Background & Motivation¶
Background: Event Extraction (EE) is typically decomposed into Event Detection (ED) and Event Argument Extraction (EAE). Leading approaches include global joint extraction (OneIE), discriminative token classification (PAIE/Tagprime), and generative methods (DEGREE/KnowCoder).
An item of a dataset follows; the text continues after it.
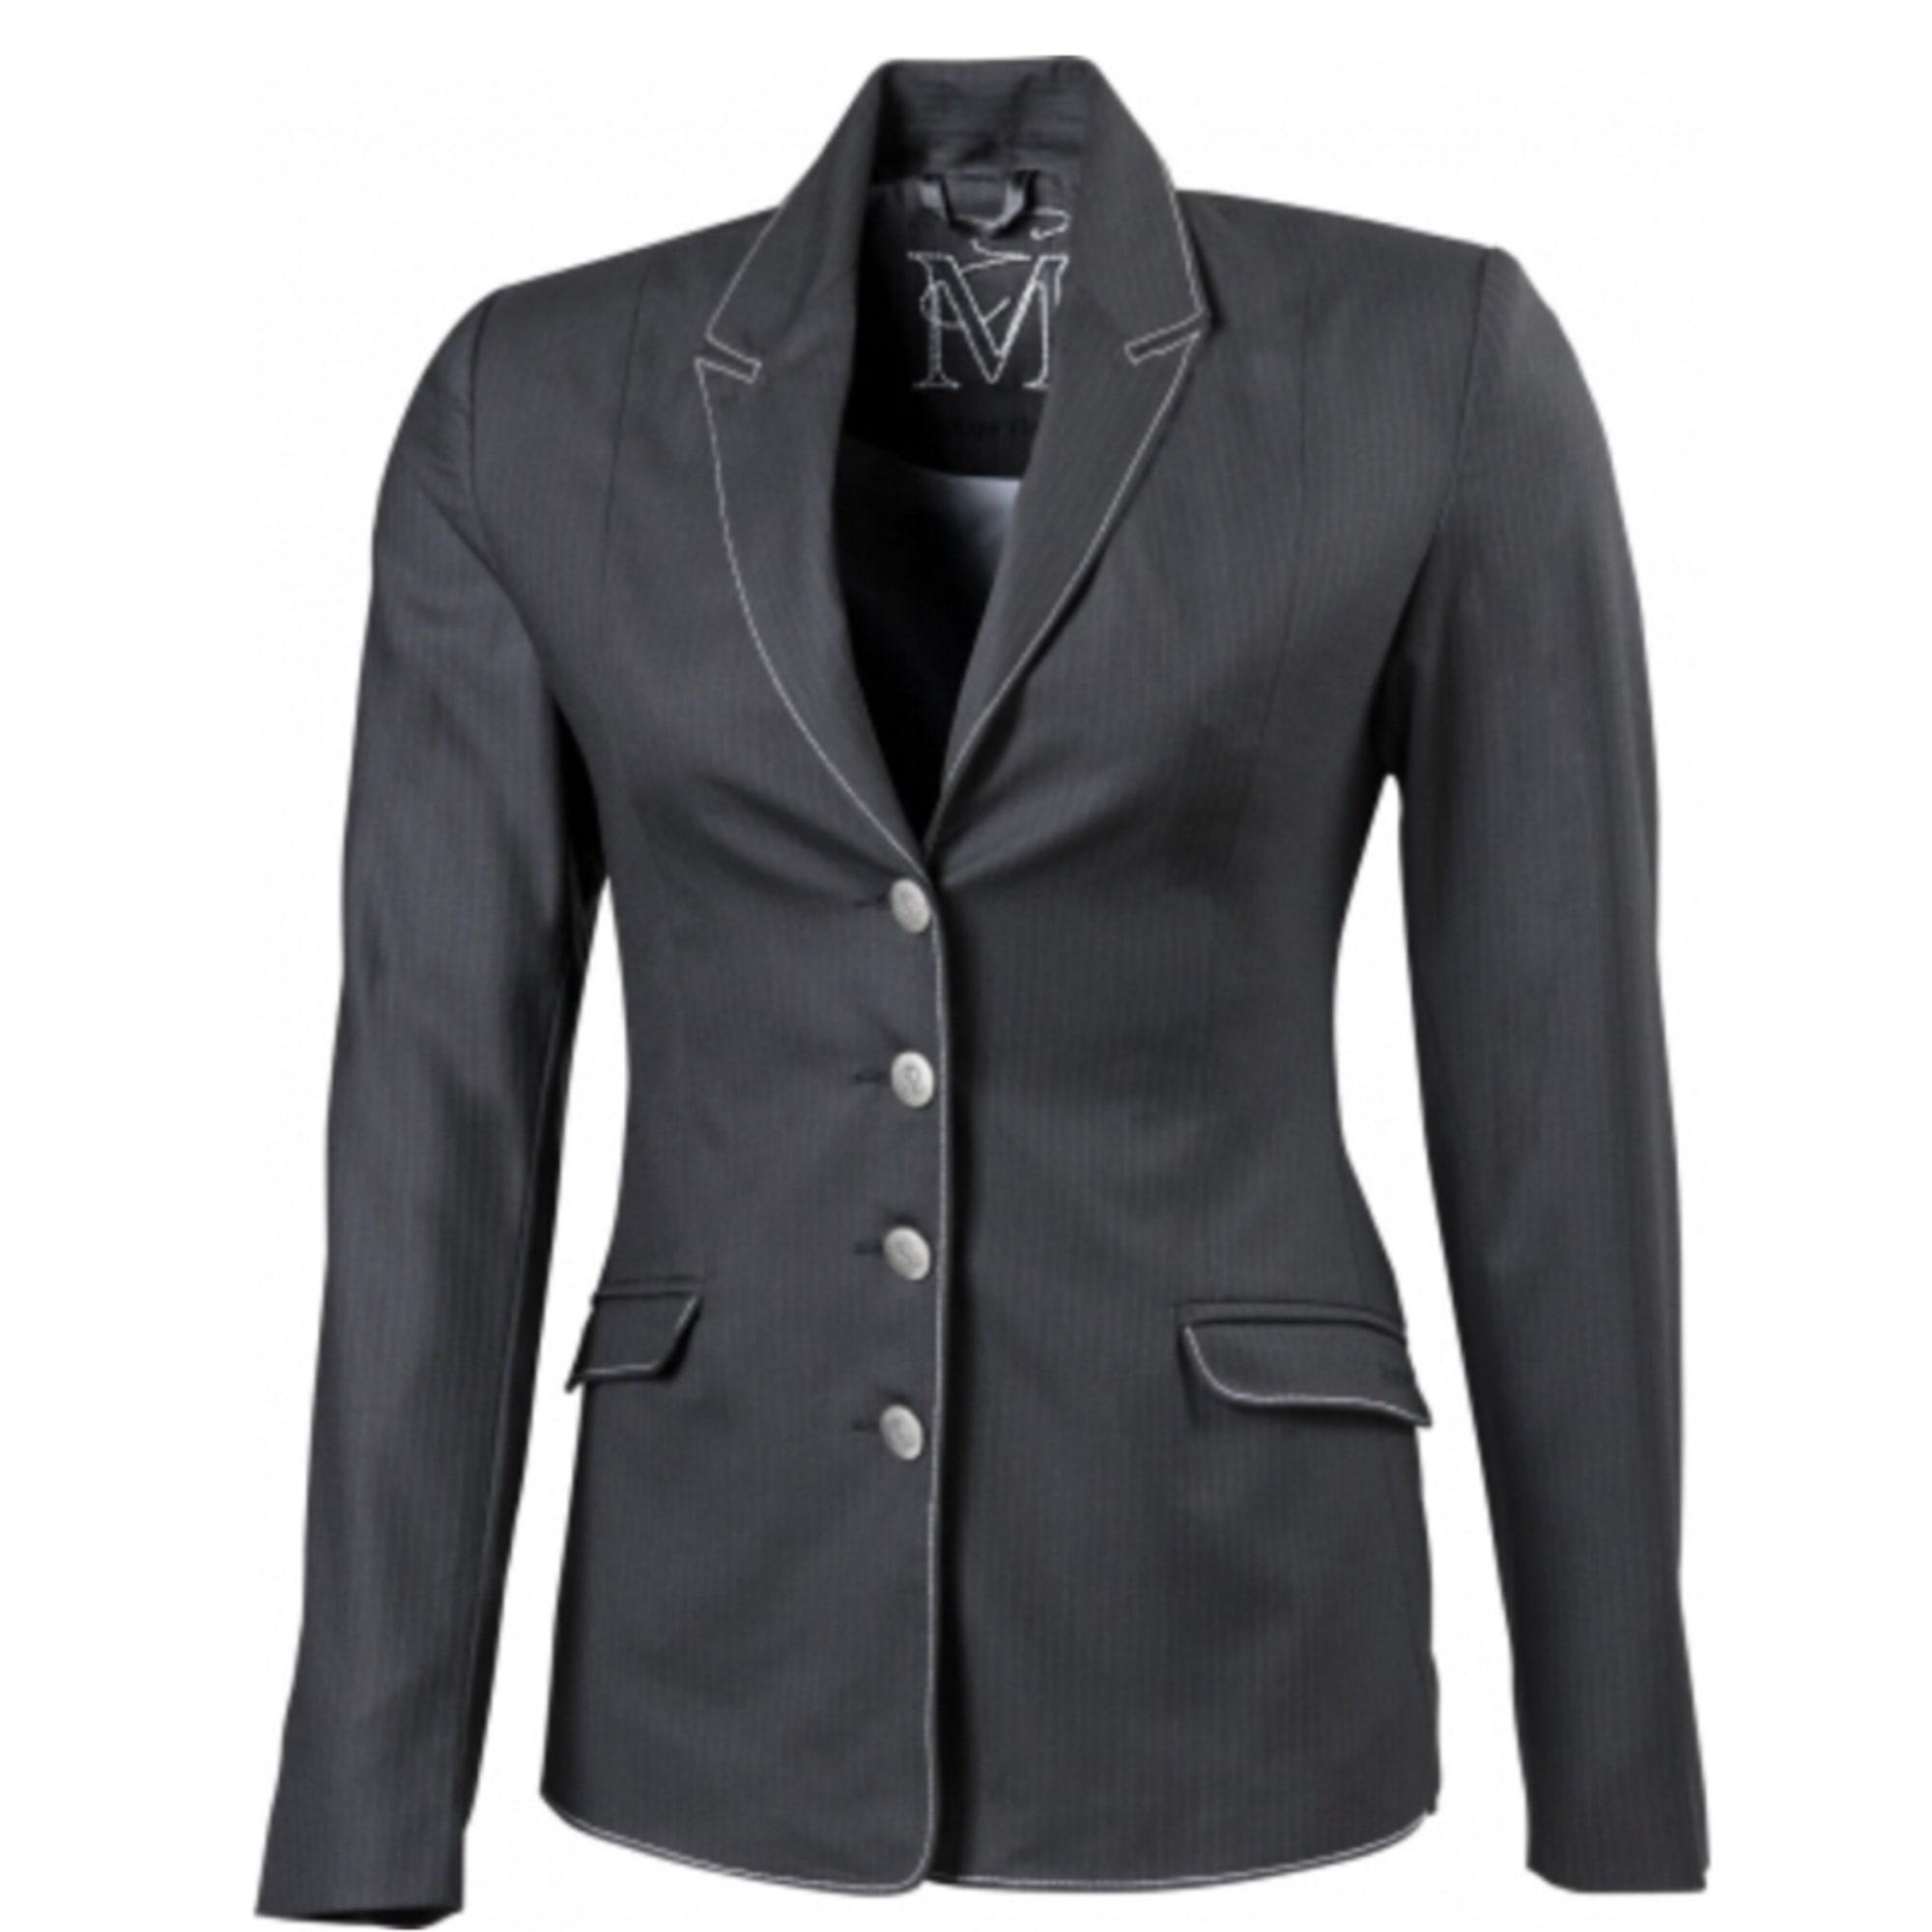 Blazer, veste tailleur EQUI-THÈME Noir
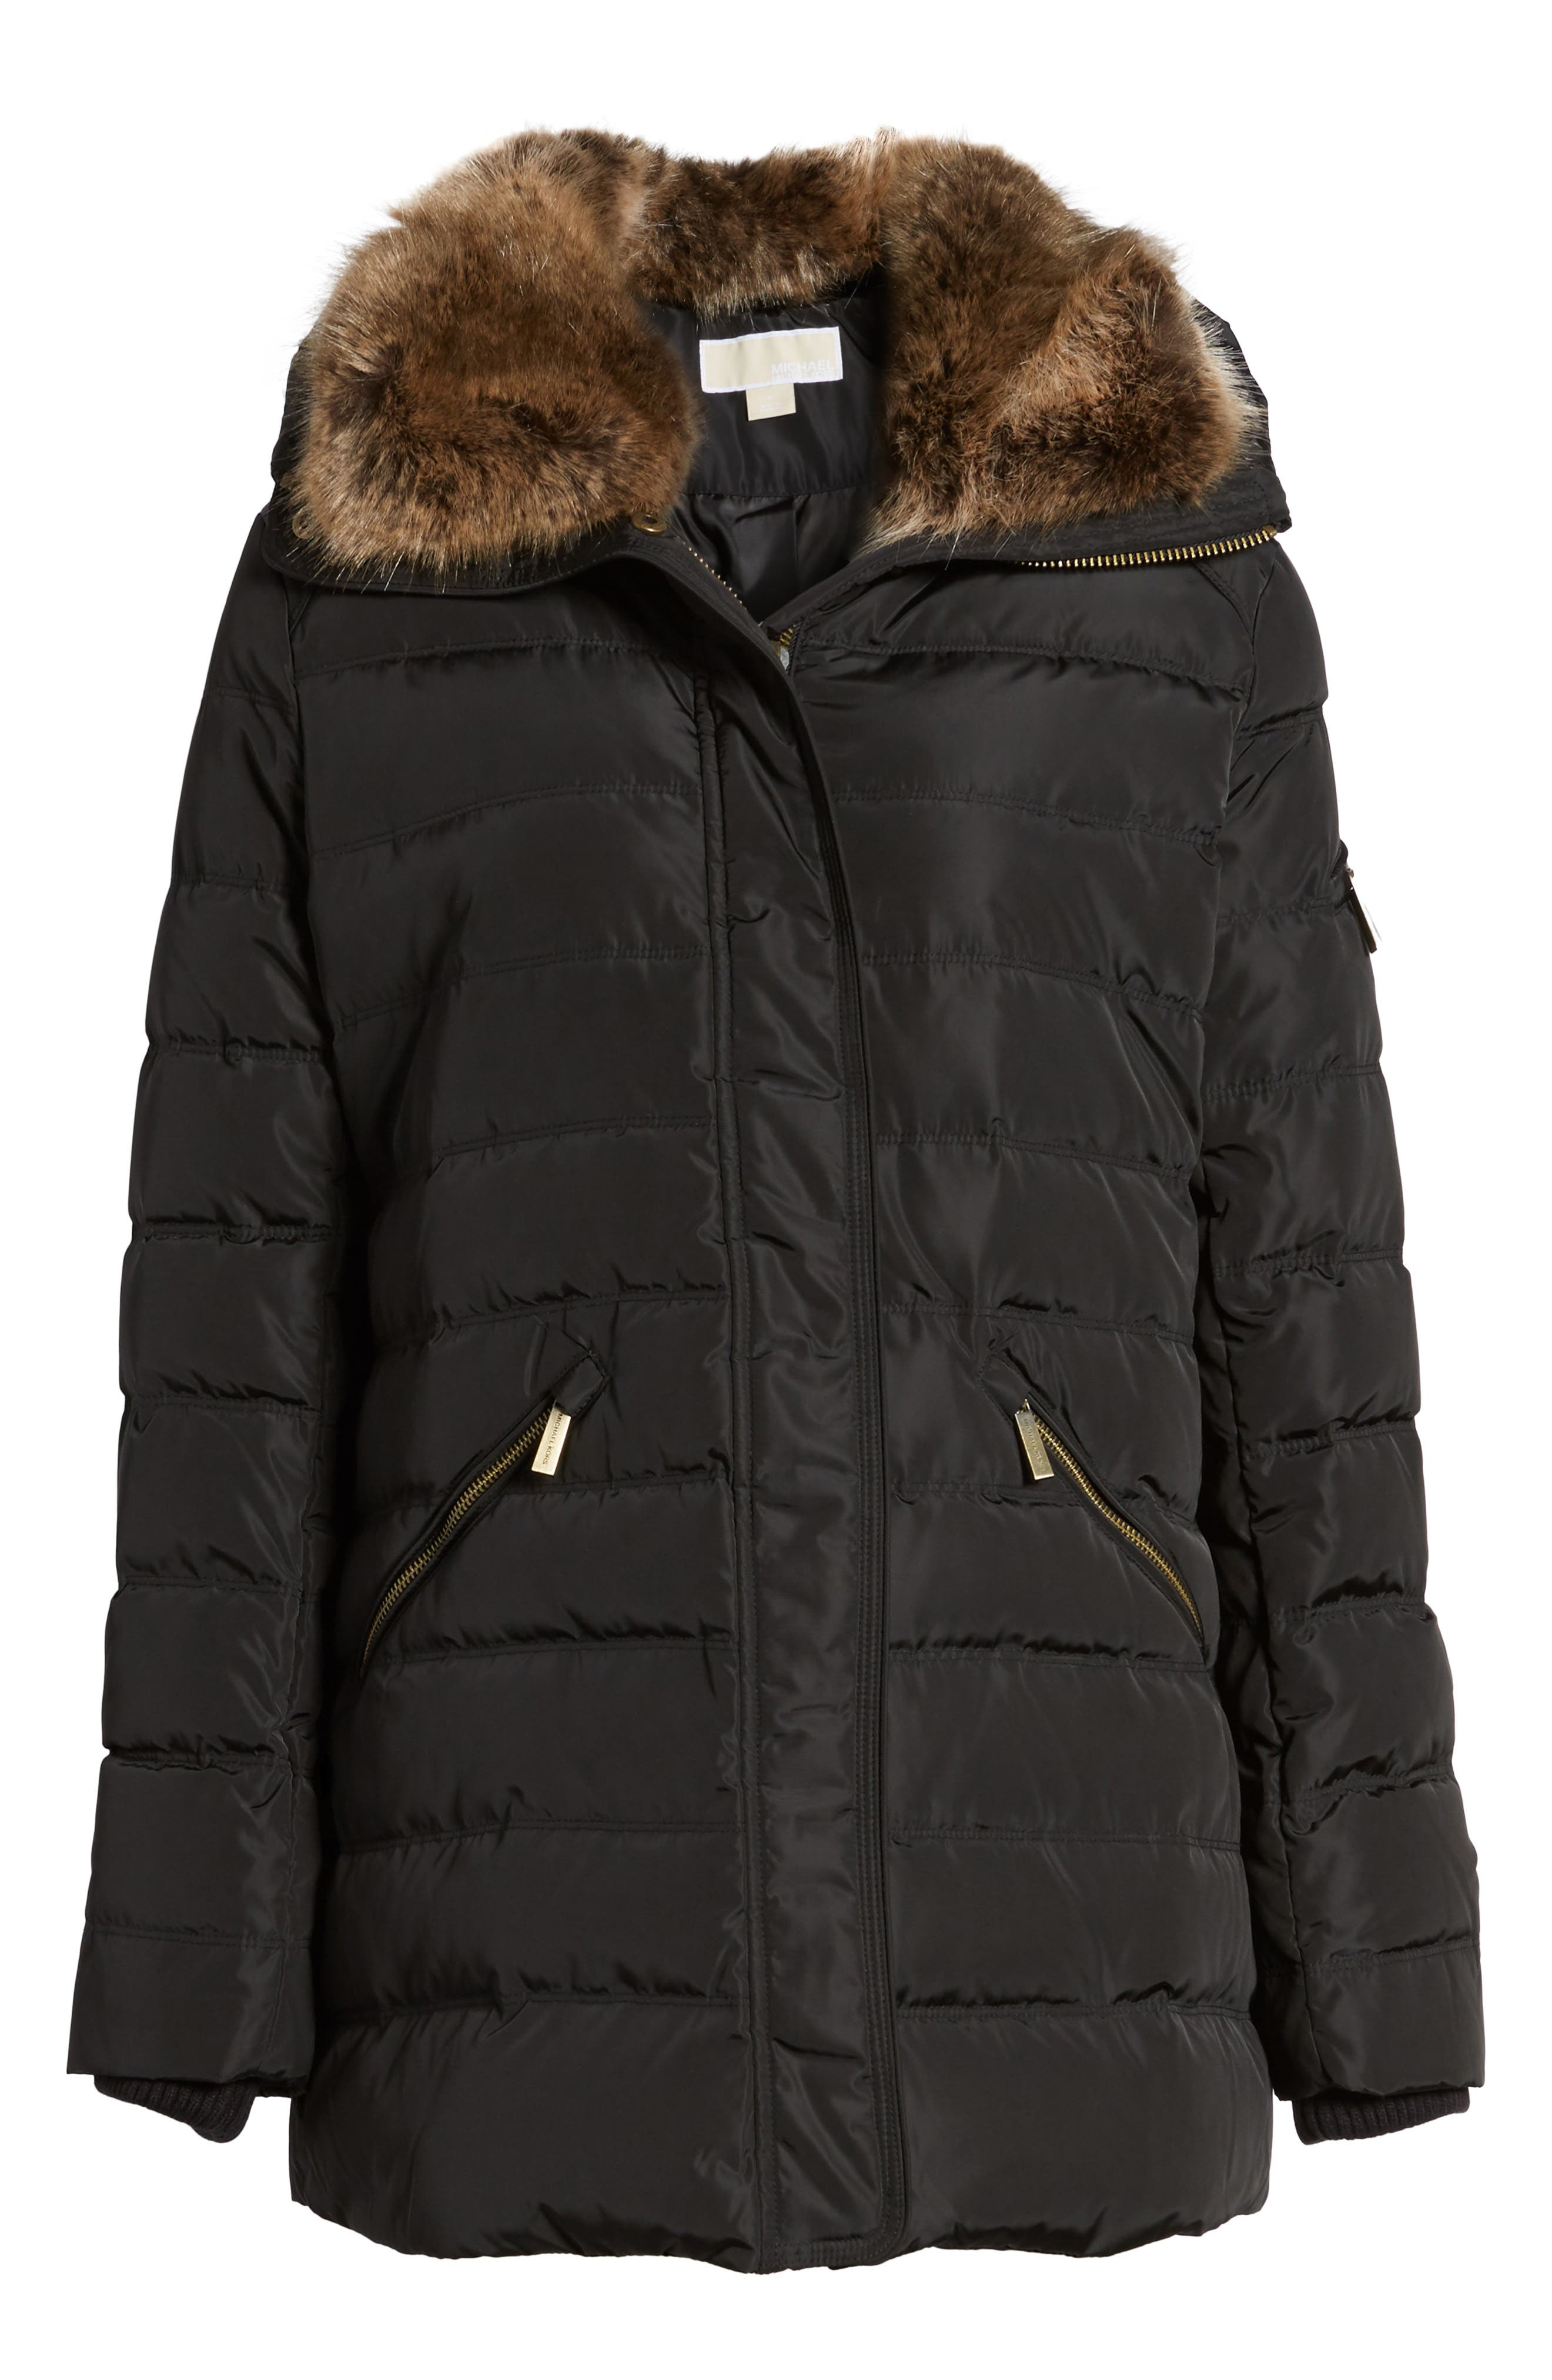 Hooded Coat with Faux Fur Trim,                             Main thumbnail 1, color,                             Black

F1 scores on existing benchmarks like ACE05, RAMS, and Genia have reached high levels.
Limitations of Prior Work: Upon detailed statistical analysis of information density and complex morphology across 9 domain-specific datasets, the authors found two overlooked facts: (1) Scientific text (abstracts) has much higher density than news, legal, or cyber domains—SciEvents contains 5.54 events and 39.49 nugget tokens per 100 tokens, over 3 times that of ACE05 (1.80 events); (2) In scientific text, 33.70% are overlapping nuggets, 25.63% are sub-events, 3.08% are discontinuous nuggets, and 1.01% are reverse-order nuggets—while most existing datasets only annotate continuous nuggets.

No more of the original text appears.